WE TALKED about SWOT analysis in my last post—assessing your Strengths, Weaknesses, Opportunities and Threats. A careful evaluation of your business’s SWOT can greatly help map out strategies so you can take your business to the next level.
To illustrate the SWOT analysis technique, let’s take a look at the Philippine outsourcing and offshoring (O & O) industry. In Bayan B2Biz O & O, a formal study on the industry conducted in 2007 by Bayan Telecommunications together with the Institute for Development and Economic Analysis Inc. (IDEA) headed by former National Economic and Development Authority (NEDA) director general Dr. Cayetano Paderanga, Jr., Mr. Tunde Fafunwa, Bayan’s chief executive consultant, says the O & O industry has “unlimited potential not only to stimulate our economy, but to dramatically change our perspective on where the greener pastures are.”
The study also says that the O & O industry may be the answer to brain drain by providing job opportunities for more than 35 million Filipinos.
Briefly now, outsourcing is having third party service providers in other locations perform some of your business processes. In offshoring, offices are set up in other countries with no delegation of processes and serving only the mother company.

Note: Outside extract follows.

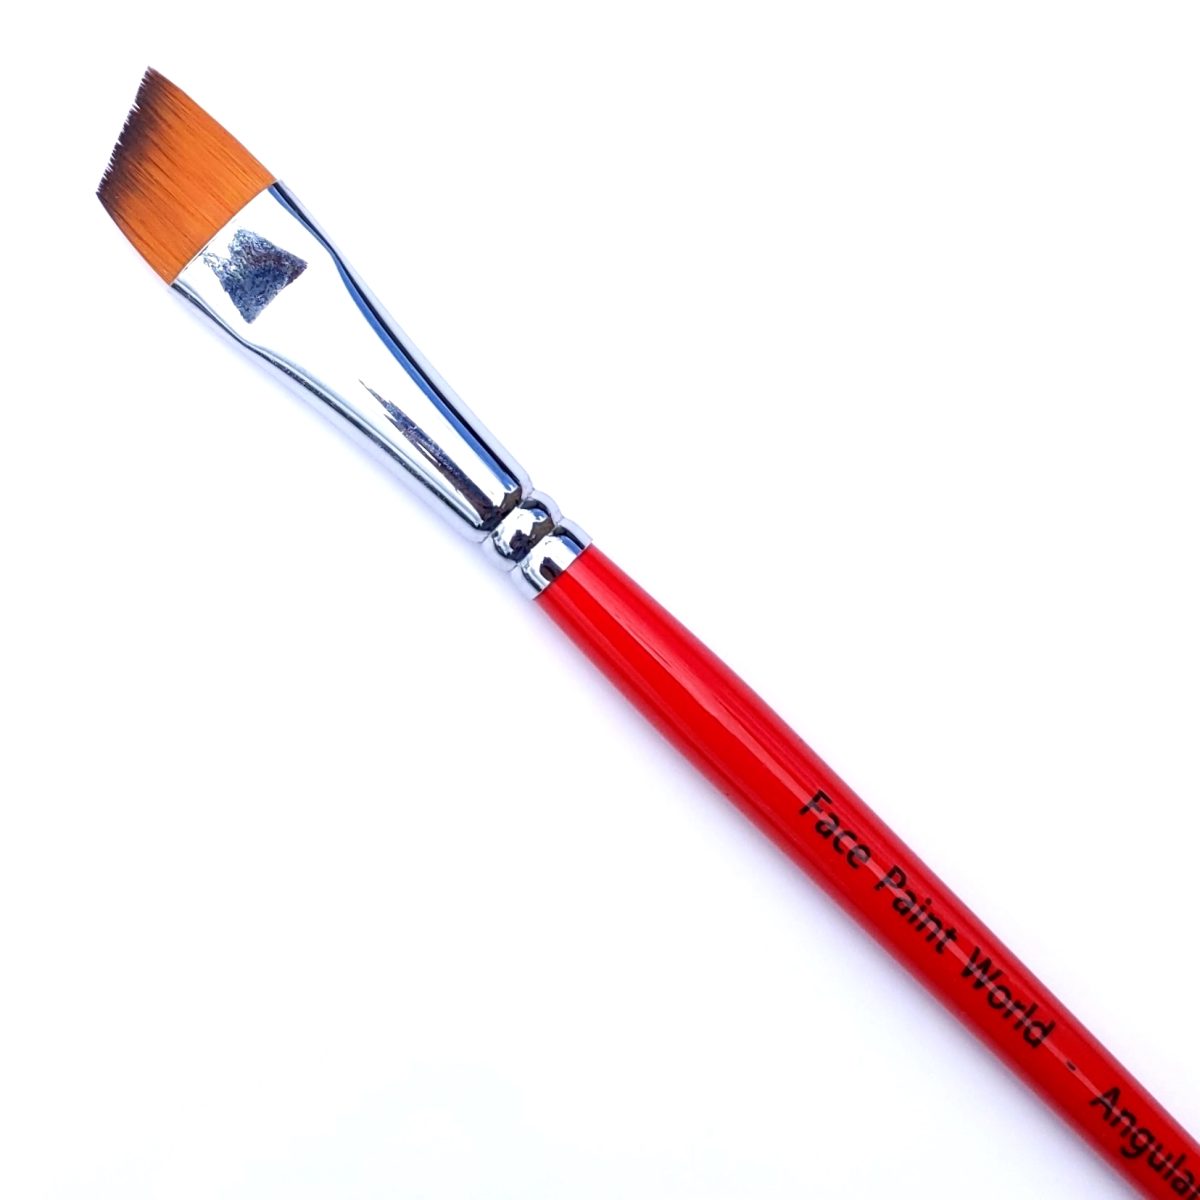 ANGULAR Brush 5 8th inch by Face Paint World
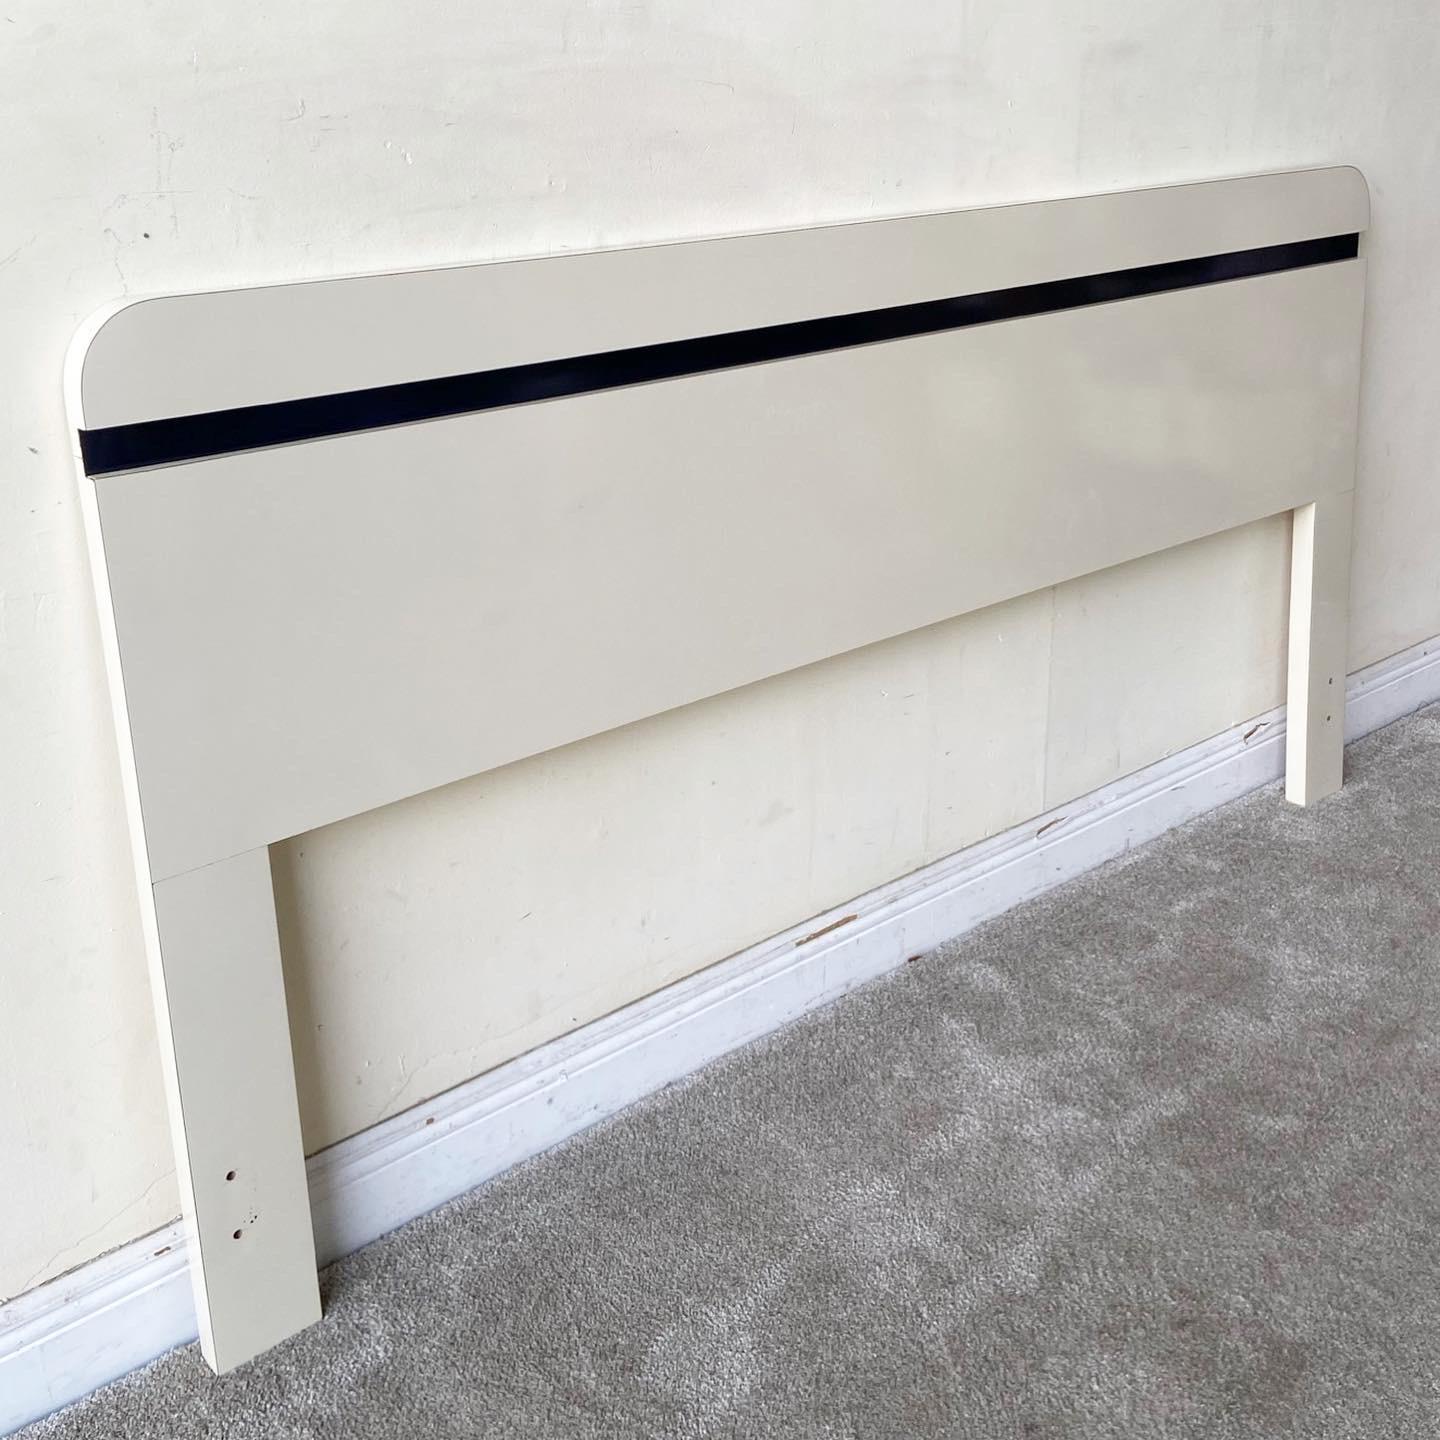 Incredible postmodern king size headboard. features a cream and navy blue lacquer laminate.

In this study, here’s a SWOT analysis of the Philippine O & O industry:
Strengths:
1. Strategic location in Asia
2. Infrastructure—well developed infrastructure, redundant and cost-effective telecommunications, and centrally located IT parks
3. Highly skilled labor force
4. Ample support from government and industry associations
Weaknesses:
1. Scarcity of labor
2. Commoditization of services—non-core processes are easily learned and replicated by others
3. Disorganization of some sectors
4. High cost of power
5. International perception—political instability, red tape/bureaucracy, unclear policies on labor and land ownership
Opportunities:
1. Infrastructure—building capacity outside established hubs, or in emerging O & O centers, providing adequate and competent training, refining and enacting policies on data security and intellectual property rights
2. Emerging O & O segments—in particular, the knowledge process outsourcing
3. Globalization
Threats:
1. Labor migration and attrition
2. Emerging O & O providers
With this SWOT analysis, O & O businesses can plot out their strategies, such as setting up marketing arms in overseas markets, building niche markets especially for skill-intensive segments, and focusing on training efforts, to name a few.
Have you done your SWOT analysis? Take the time to work on it.

September 4th, 2008 at 2:01 pm
[...] Galarpe, Karen. “SWOT: The Philippine outsourcing and offshoring industry” 3 September 2008. Inquirer.net Blogs–Open for Business. Accessed 4 September 2008. Link here [...]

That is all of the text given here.